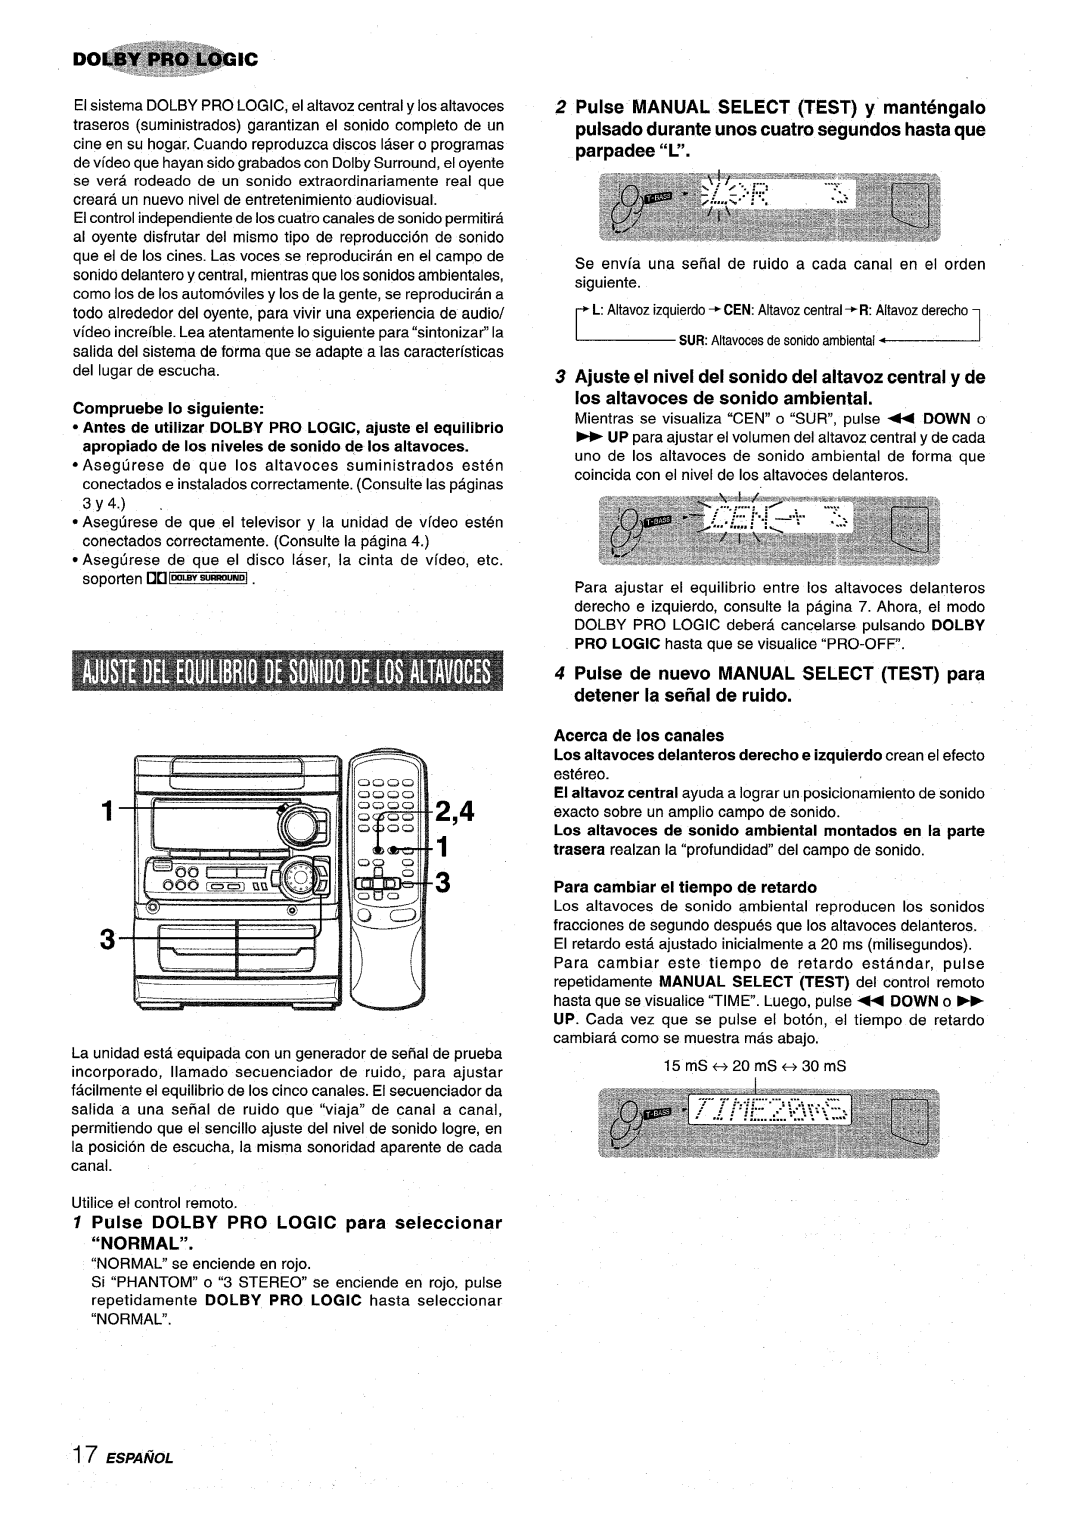 Sony NSX-MT320 Pulse de nuevo MANUAL SELECT TEST para detener la seiial de ruido, Acerca de Ios canales, ~..1 . ‘,---1i 
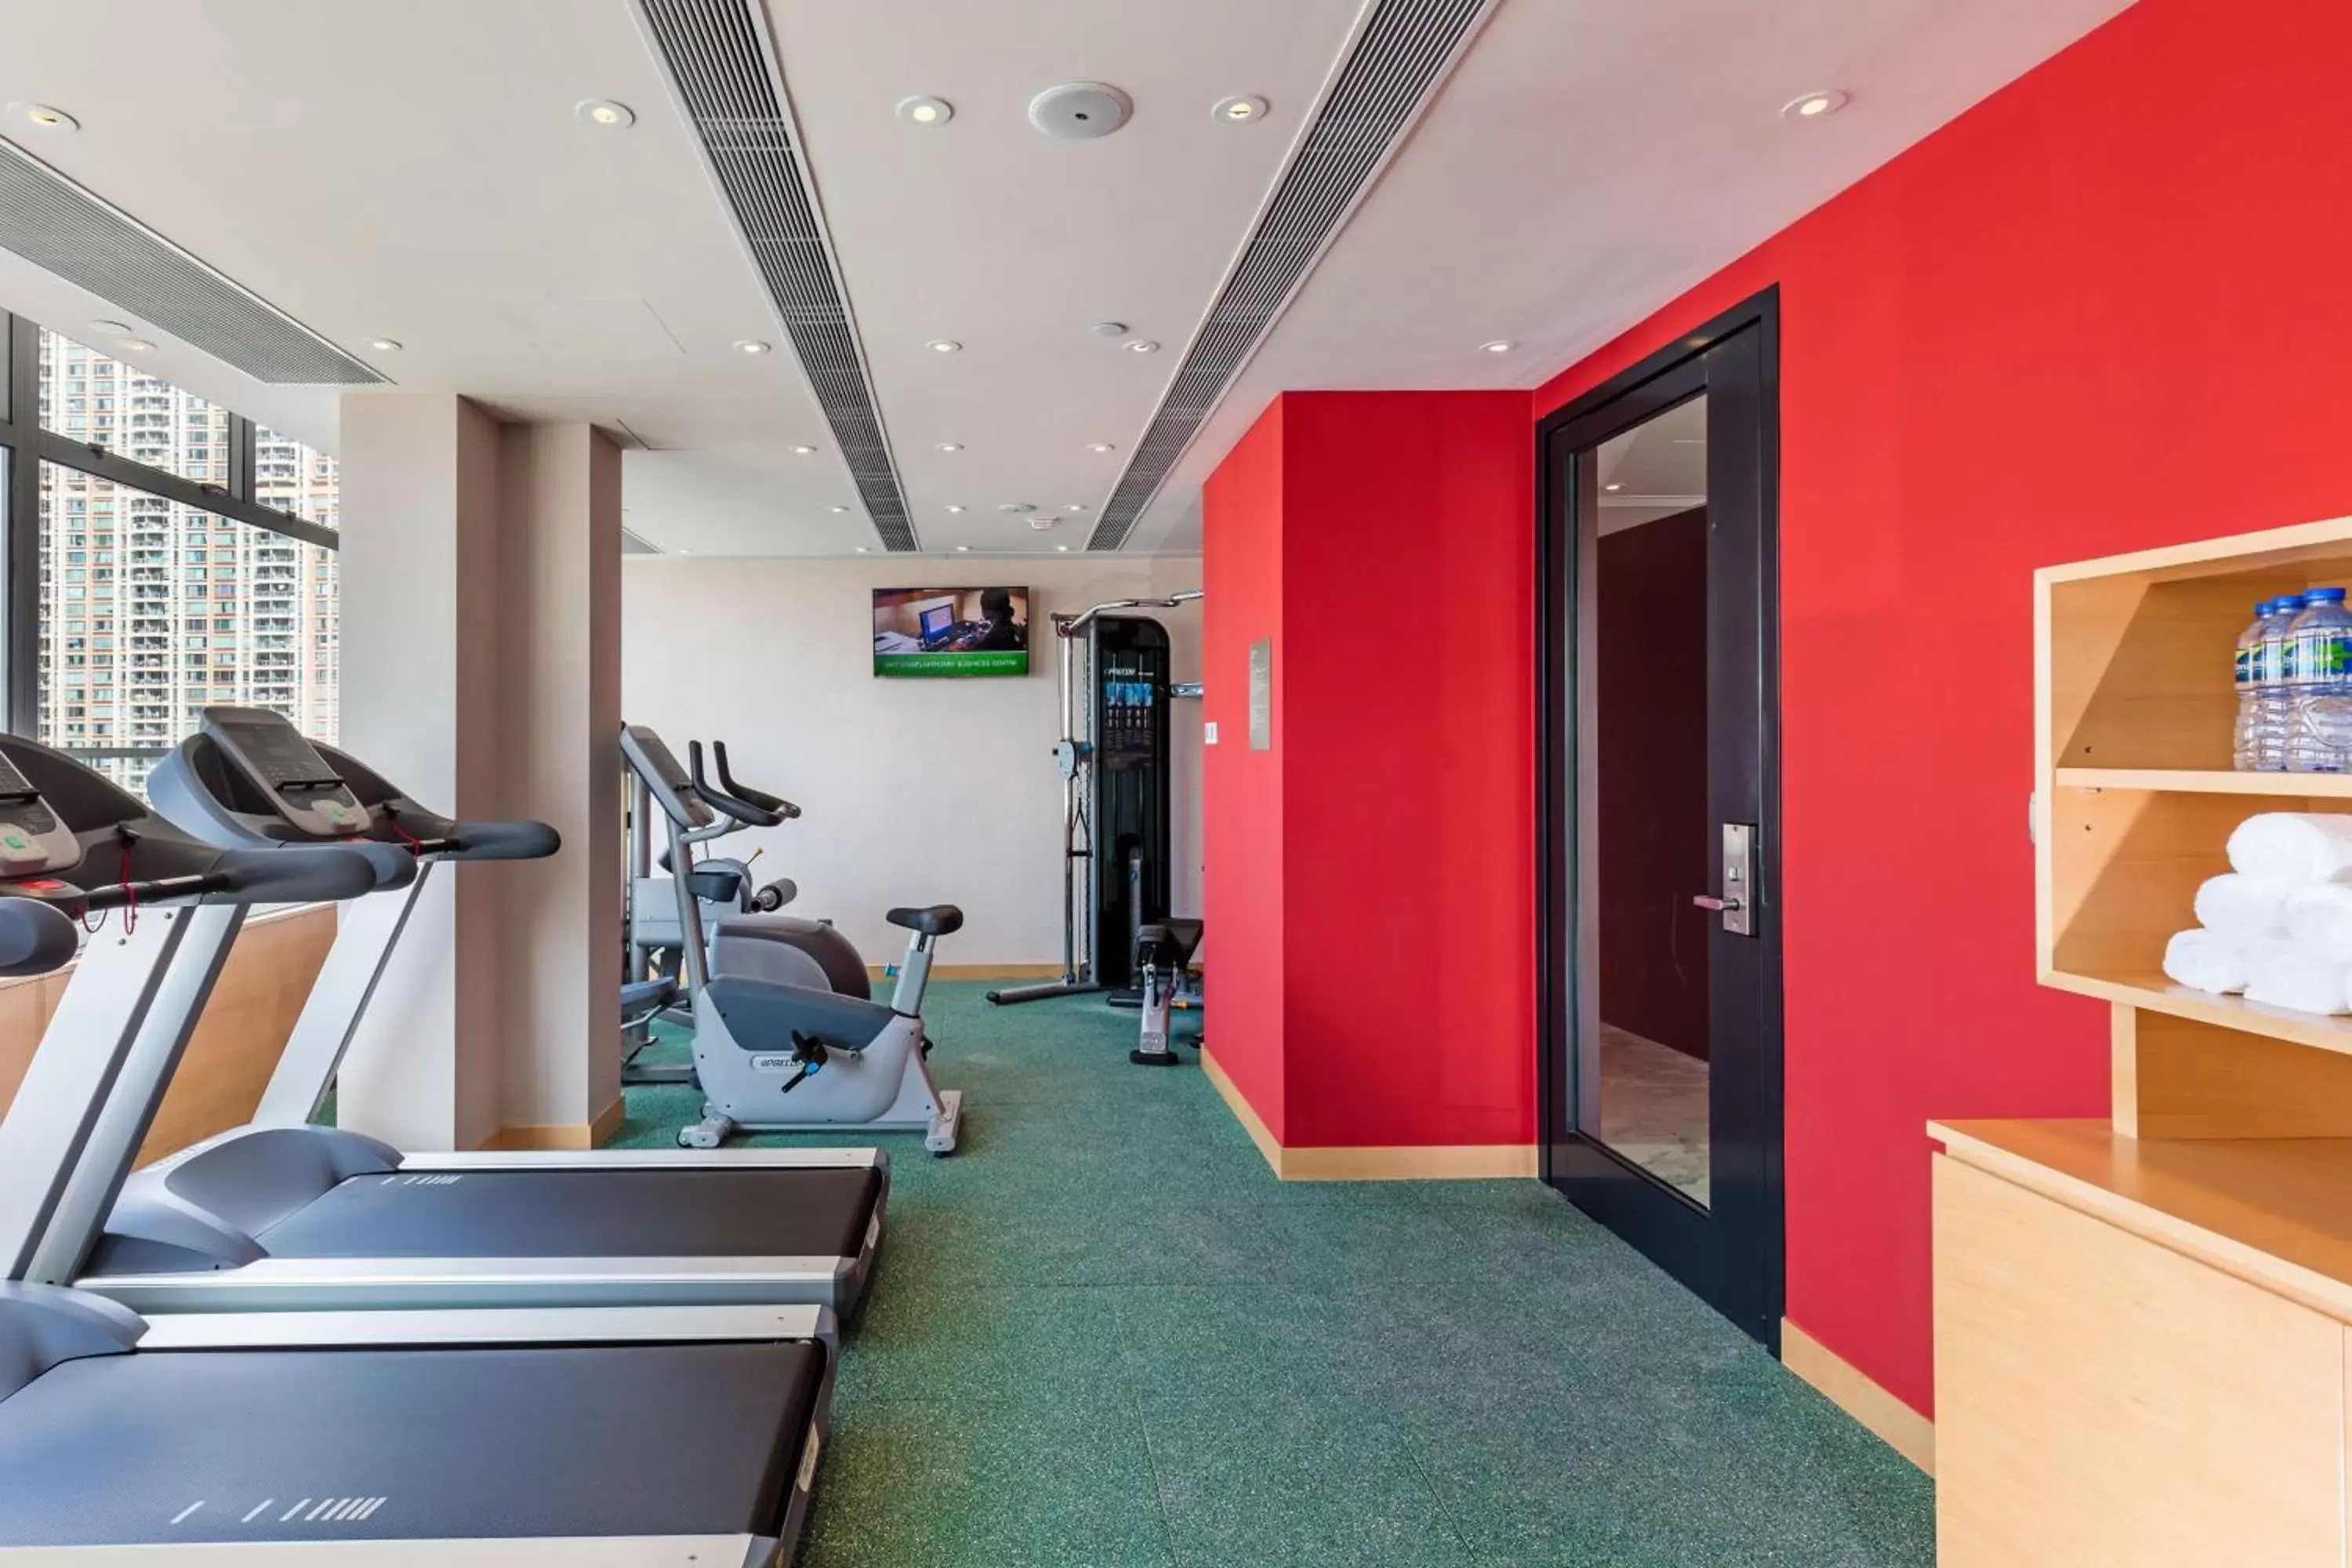 Fitness centre/facilities, Fitness Center/Facilities in Hilton Garden Inn Hong Kong Mongkok
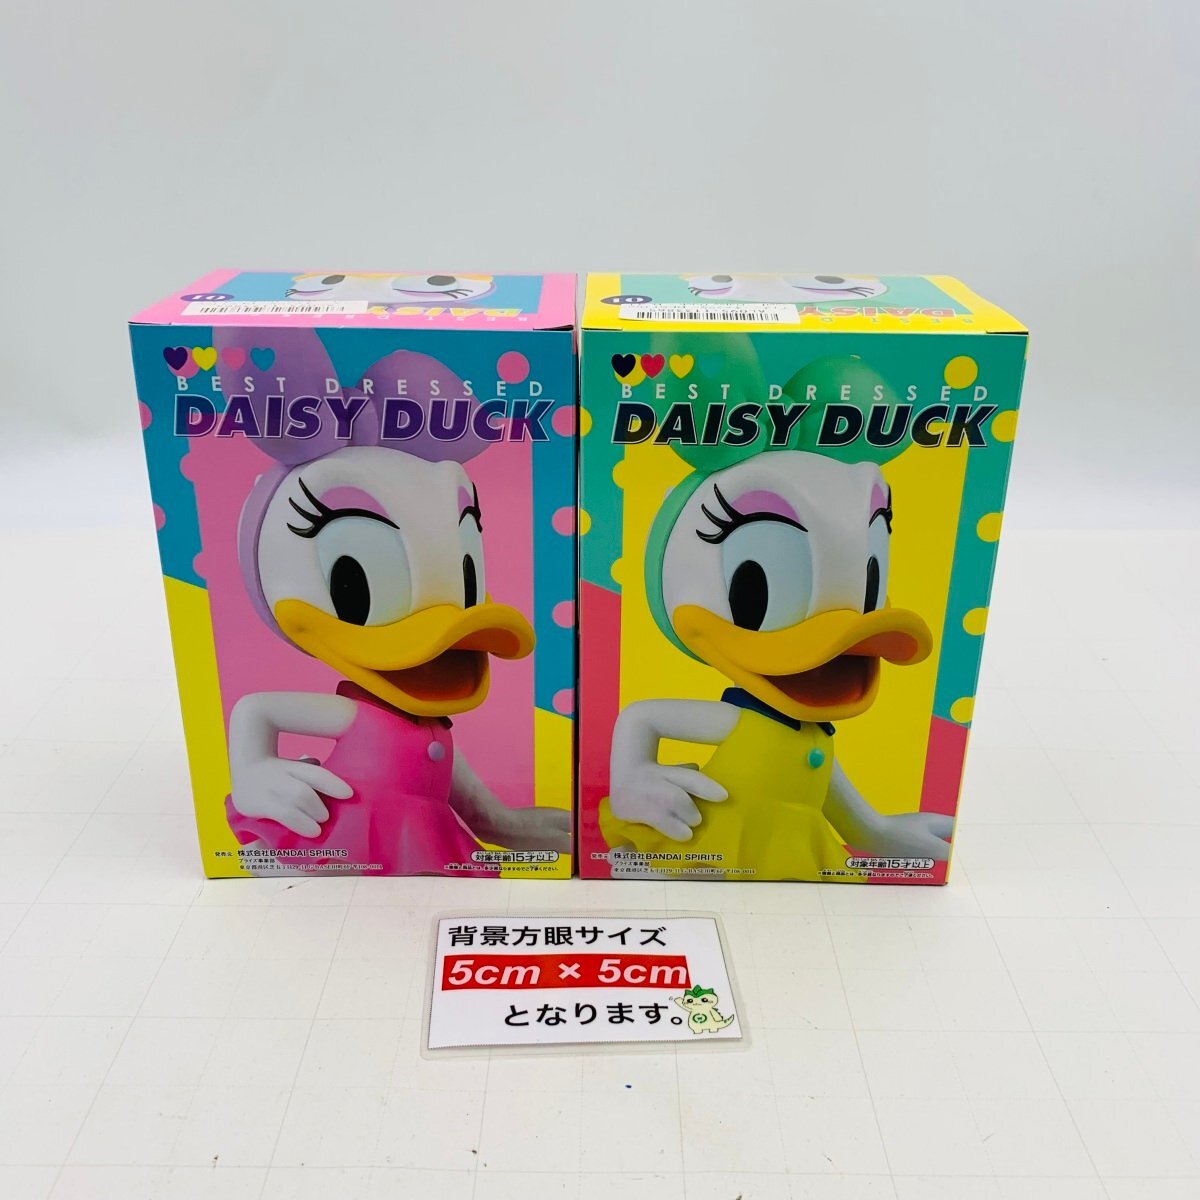 新品未開封 ディズニーキャラクター Disney Character BEST Dressed デイジーダック Daisy Duck ABカラー 2種セット_画像2

- - -

### Exercise description:
Output the span from the line with "Fitness centre/facilities, Fitness" through the last line of the data, inclusive and exact, and omit every picture.

### Exercise response:
 Fitness centre/facilities, Fitness Center/Facilities in Hilton Garden Inn Hong Kong Mongkok
 新品未開封 ディズニーキャラクター Disney Character BEST Dressed デイジーダック Daisy Duck ABカラー 2種セット_画像2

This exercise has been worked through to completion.